• [Stored data]
==*==

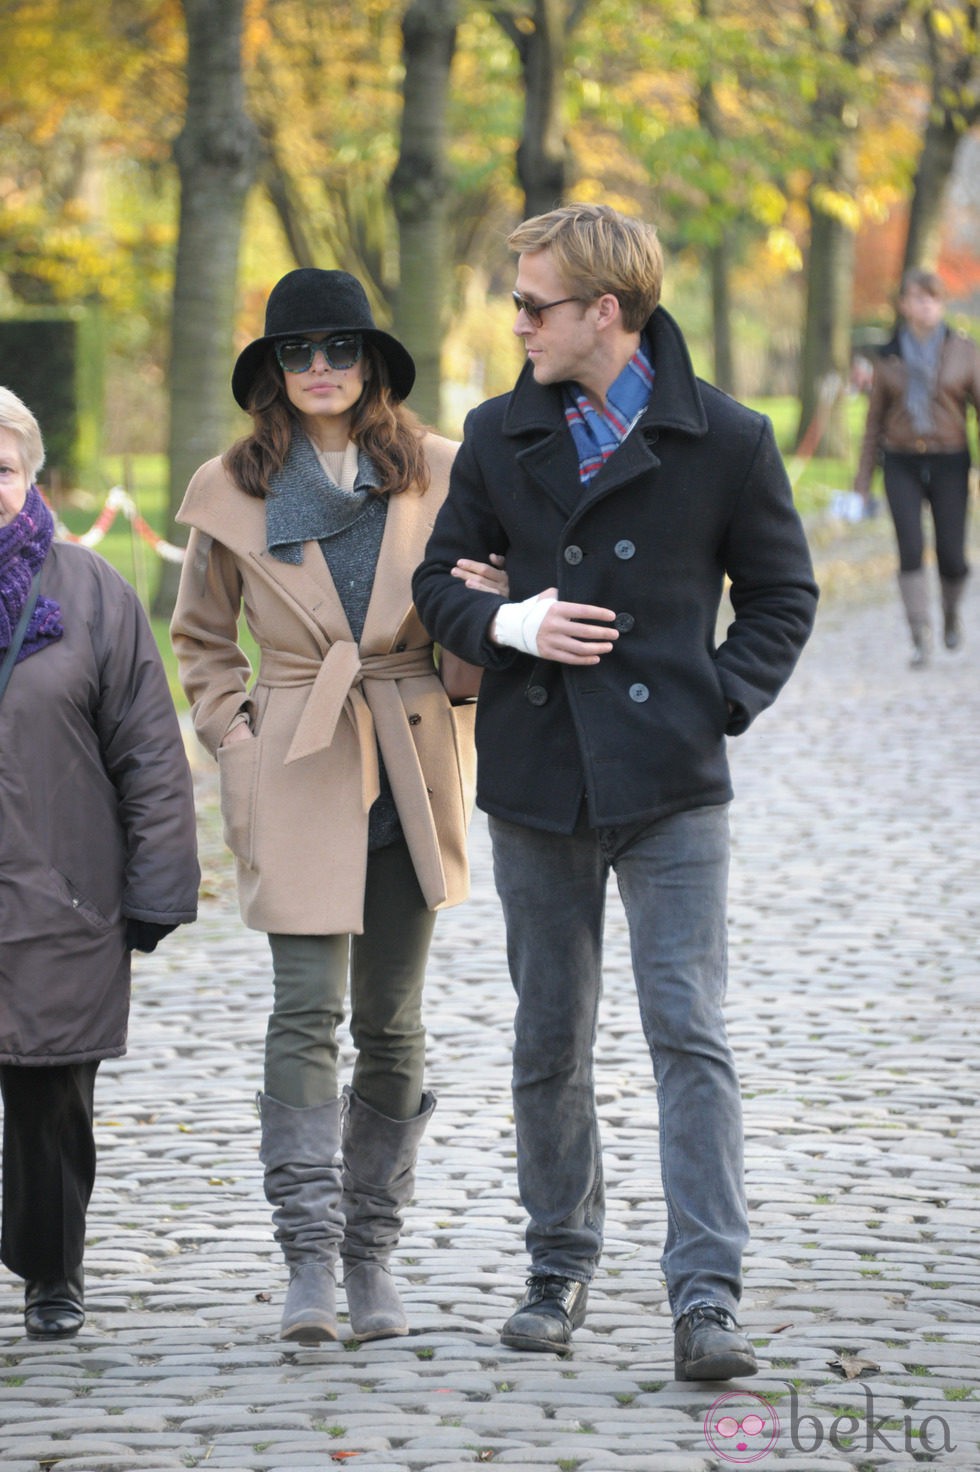 Ryan Gosling y su novia, Eva Mendes, pasean su amor durante sus románticas vacaciones en París
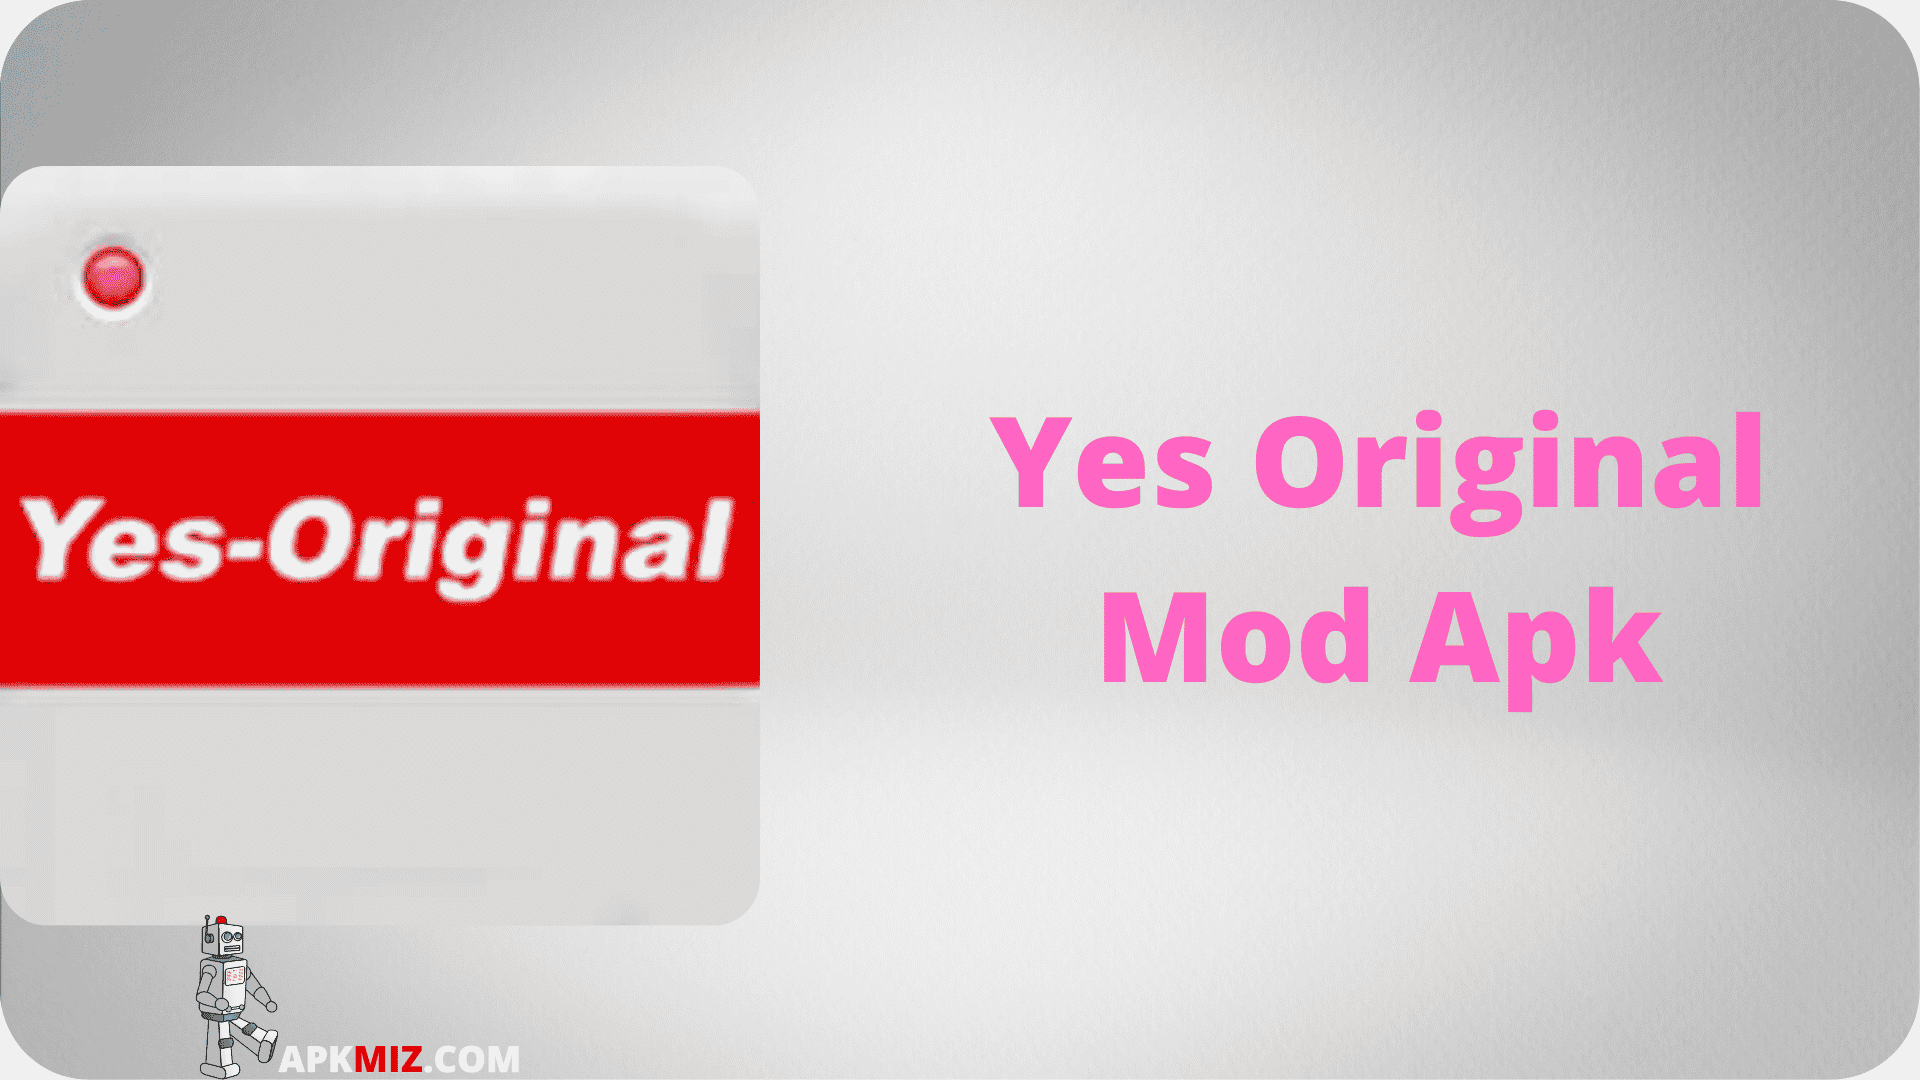 Yes Original Mod Apk
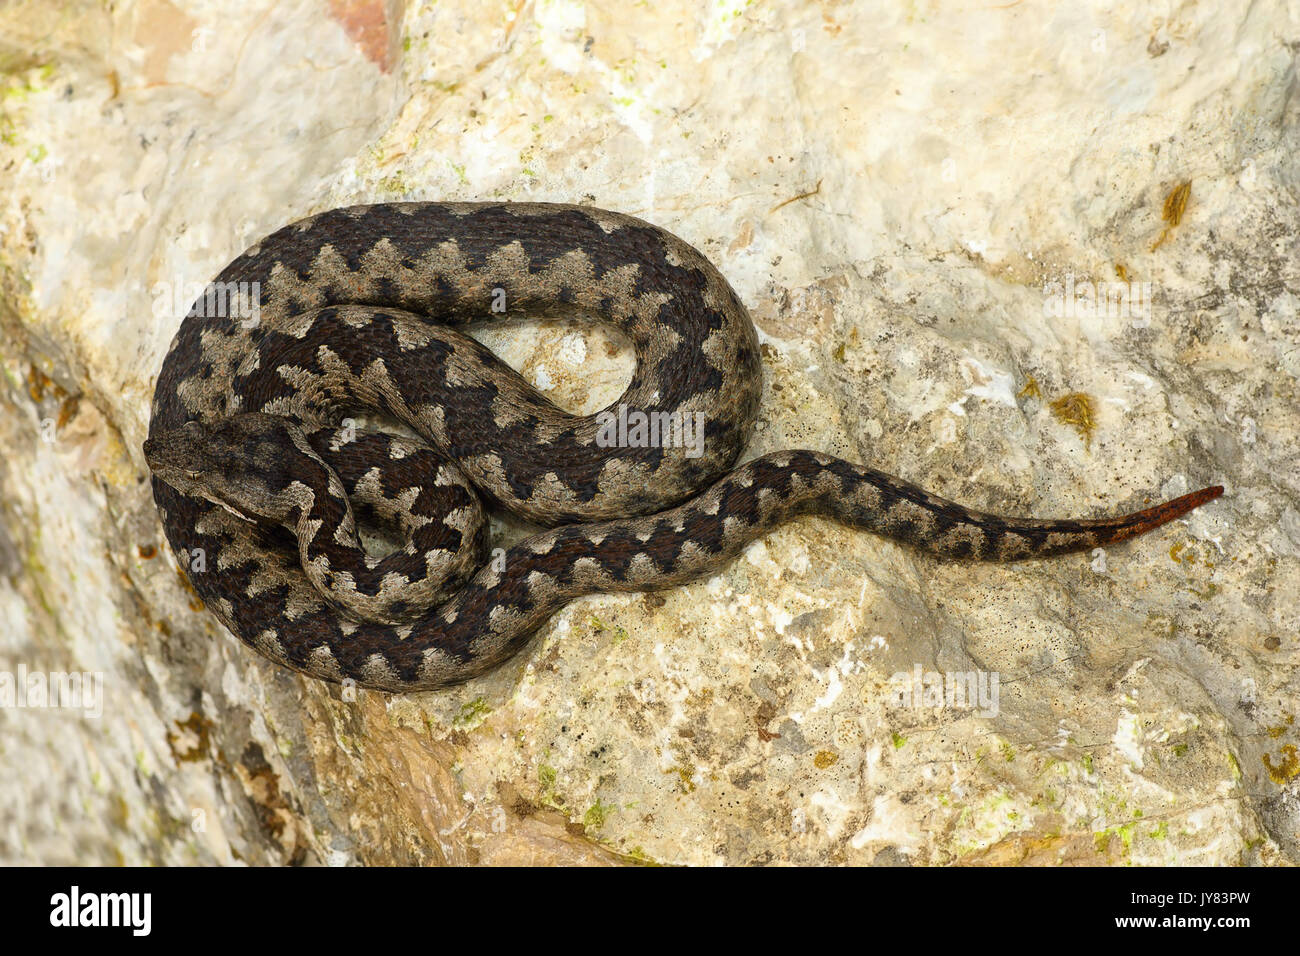 Giftige europäischen Schlange auf Stein (Vipera ammodytes oder die Nase viper Gehörnten, der gefährlichste Reptil aus Europa) Stockfoto
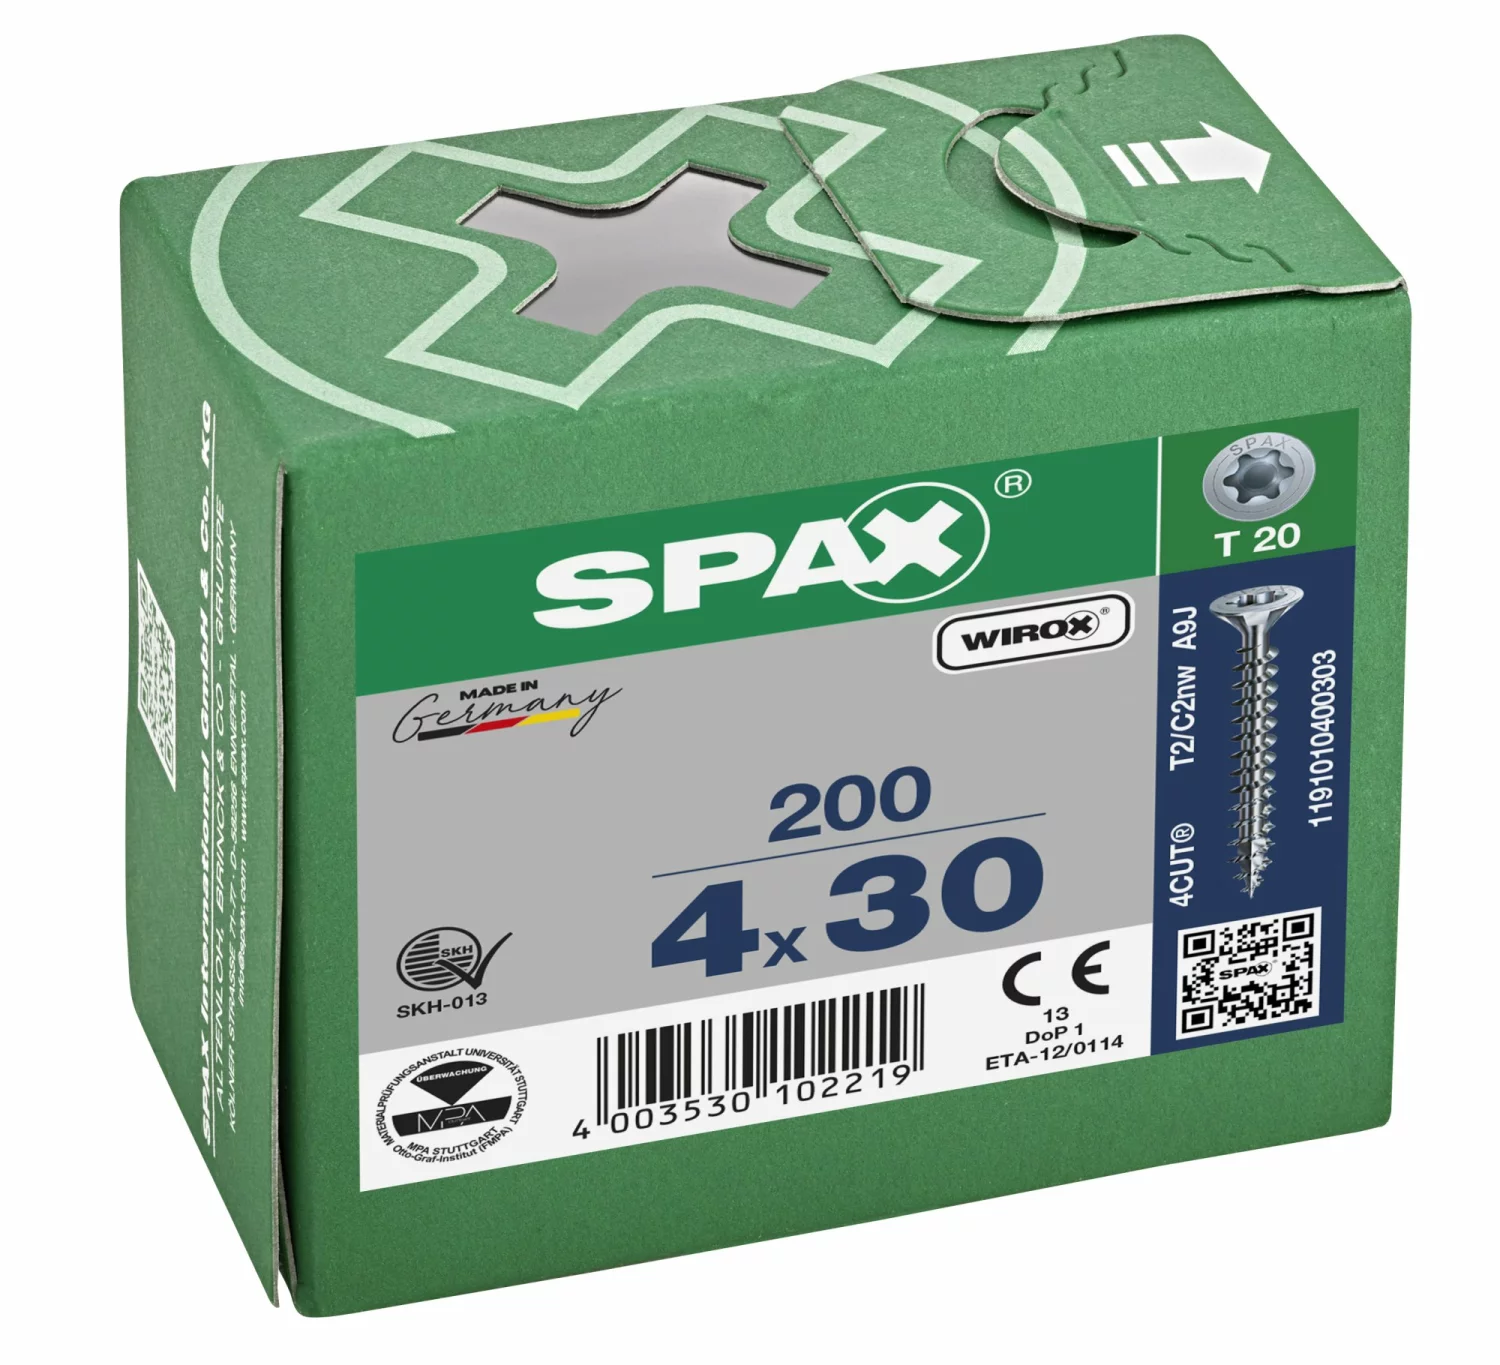 SPAX 1191010400303 Universele schroef, Verzonken kop, 4 x 30, Voldraad, T-STAR plus T20 - WIROX - 200 stuks

==*==

• [Your goal]
A word-for-word repeat of the lines from the line with "Yes Original Mod Apk" to the last line of the data, both ends included and pictures left out, is all that should appear.

• [Your response]
 Yes Original Mod Apk
 Giftige europäischen Schlange auf Stein (Vipera ammodytes oder die Nase viper Gehörnten, der gefährlichste Reptil aus Europa) Stockfoto
 SPAX 1191010400303 Universele schroef, Verzonken kop, 4 x 30, Voldraad, T-STAR plus T20 - WIROX - 200 stuks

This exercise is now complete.